Дух его был еще силен. Его не заботило то обстоятельство, что симптомы болезни стали угрожающи, что он, по-видимому, обречен. Левая нога болела постоянно, он по-прежнему не мог читать левую сторону вывесок, но убеждал всех, кроме, возможно, самого себя, что эти явления ничего серьезного не означают и что в общем его здоровье великолепно. Как и прежде, он работал над «Эдвином Друдом» во всеоружии мастерства и самодисциплины.
В апреле и мае он участвовал в общественной жизни Лондона, которую никогда не любил, но она сделалась для него привычной. Он завтракал с премьер-министром и обедал со знаменитостями. Он даже руководил постановкой пьесы на любительской сцене и сам хотел играть в ней, но мешала сильная хромота. Эта постановка знаменовала конец его лондонской деятельности. 3 июня 1870 года он вернулся в Гэдсхилл{126}. По утрам, повинуясь раз навсегда заведенному порядку, он работал над романом. После обеда неуклонно выходил на обычную прогулку, хотя сильно хромал. Он беседовал со своим верным другом, свояченицей Джорджиной, которая после его разрыва с женой стала хозяйкой в доме. Он беседовал с дочерью Кэти, которая держала сторону матери и с которой его отношения были сложны, потому что она знала его лучше, чем остальные дети.
8 июня вопреки обыкновению он писал «Друда» весь день напролет.

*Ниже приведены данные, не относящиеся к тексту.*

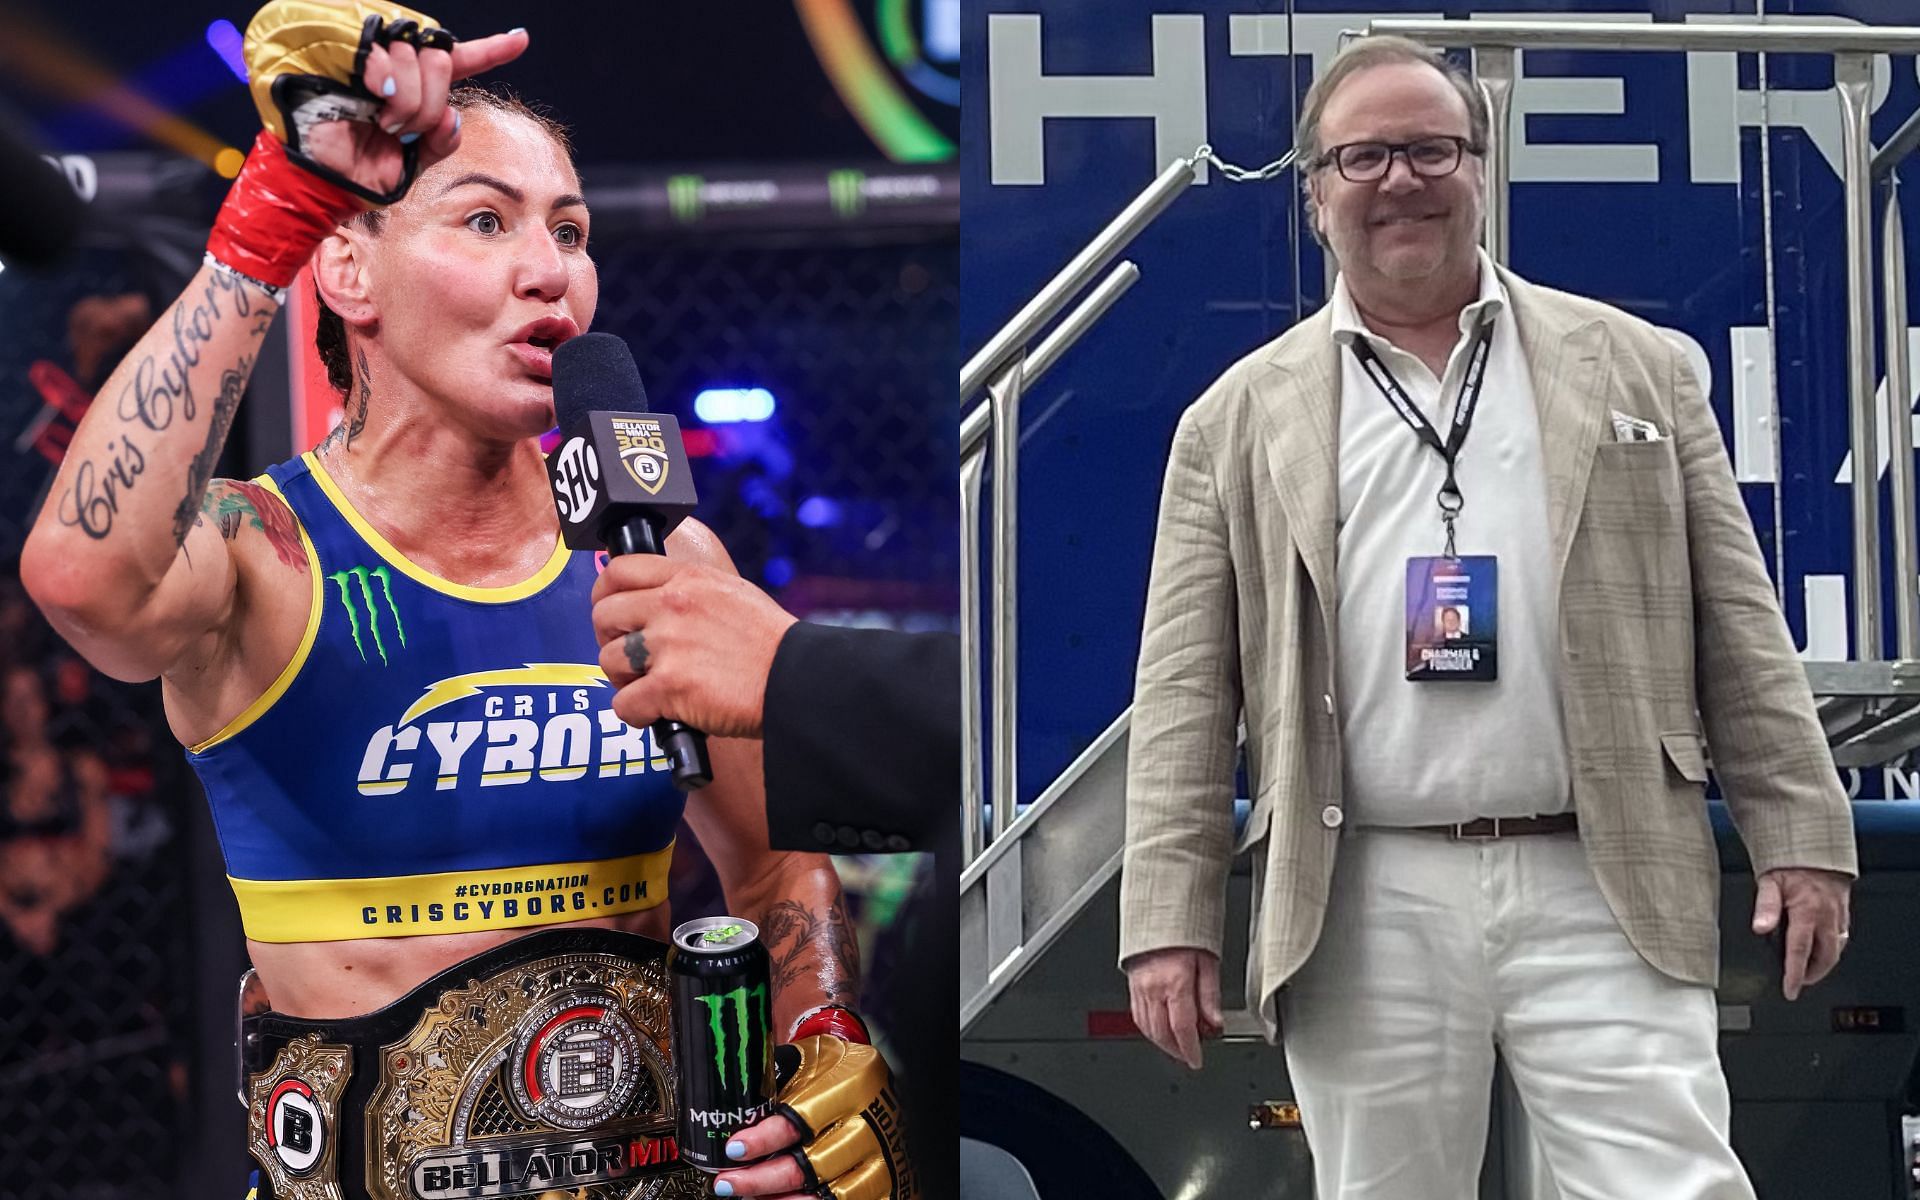 Cris Cyborg blasts Donn Davis for making her only champion yet to be booked since PFL-Bellator merger [Image courtesy: Lucas Noonan/Bellator MMA, and @DonnDavisPFL- X]

Последний из эпизодов так и дышит ощущением благоденствия, хотя для нас он звучит как прощальное слово, обращенное к Рочестерскому кафедральному собору, каким Диккенс знал и любил его с детства. За обедом, с лицом, искаженным болью, он сказал Джорджине, что очень нездоров. Речь его стала невнятна. Джорджина помогла ему опуститься на пол. У него произошло сильное кровоизлияние в мозг. Больше он не приходил в сознание. Он умер вечером следующего дня.
Генри Джеймс{ˇ}
Среди людей, знавших Генри Джеймса{128}, вряд ли отыщется хоть один, кто не испытывал бы к нему симпатии. Это был великий писатель, отличавшийся самыми учтивыми манерами и светской респектабельностью. Его деликатность не знала пределов, так же как и доброта; Когда он занял в литературе видное место; а его разработка теории прозы создала ему репутацию мэтра, к нему со всех сторон хлынули рукописи собратьев по перу. Он добросовестно читал их и, пытаясь обнаружить в них какие-нибудь достоинства, отвечал длиннейшими письмами, полными запутанных комплиментов; но, так как он не мог изменить своим представлениям об искусстве, ему приходилось обычно высказывать в этих письмах некоторые сомнения, скрытые среди свойственных его стилю двусмысленных оборотов. Он пользовался непререкаемым авторитетом, и в Англии его чтили больше, чем любого другого писателя до или после.
Он был ученейшим литератором своего времени. Слушая его, кое-кто, без сомнения, был вынужден прятать улыбку. Возникало ощущение какой-то несуразицы, когда он раз за разом, словно давшая сбой вычислительная машина, упрямо пытался найти самое точное, самое лучшее слово, которое в конце концов благополучно отыскивалось после нескольких минут напряженных усилий. На удивление часто он испытывал в конечном счете удовлетворение от найденного слова, — но производимый им эффект был не тот, на который рассчитывал писатель.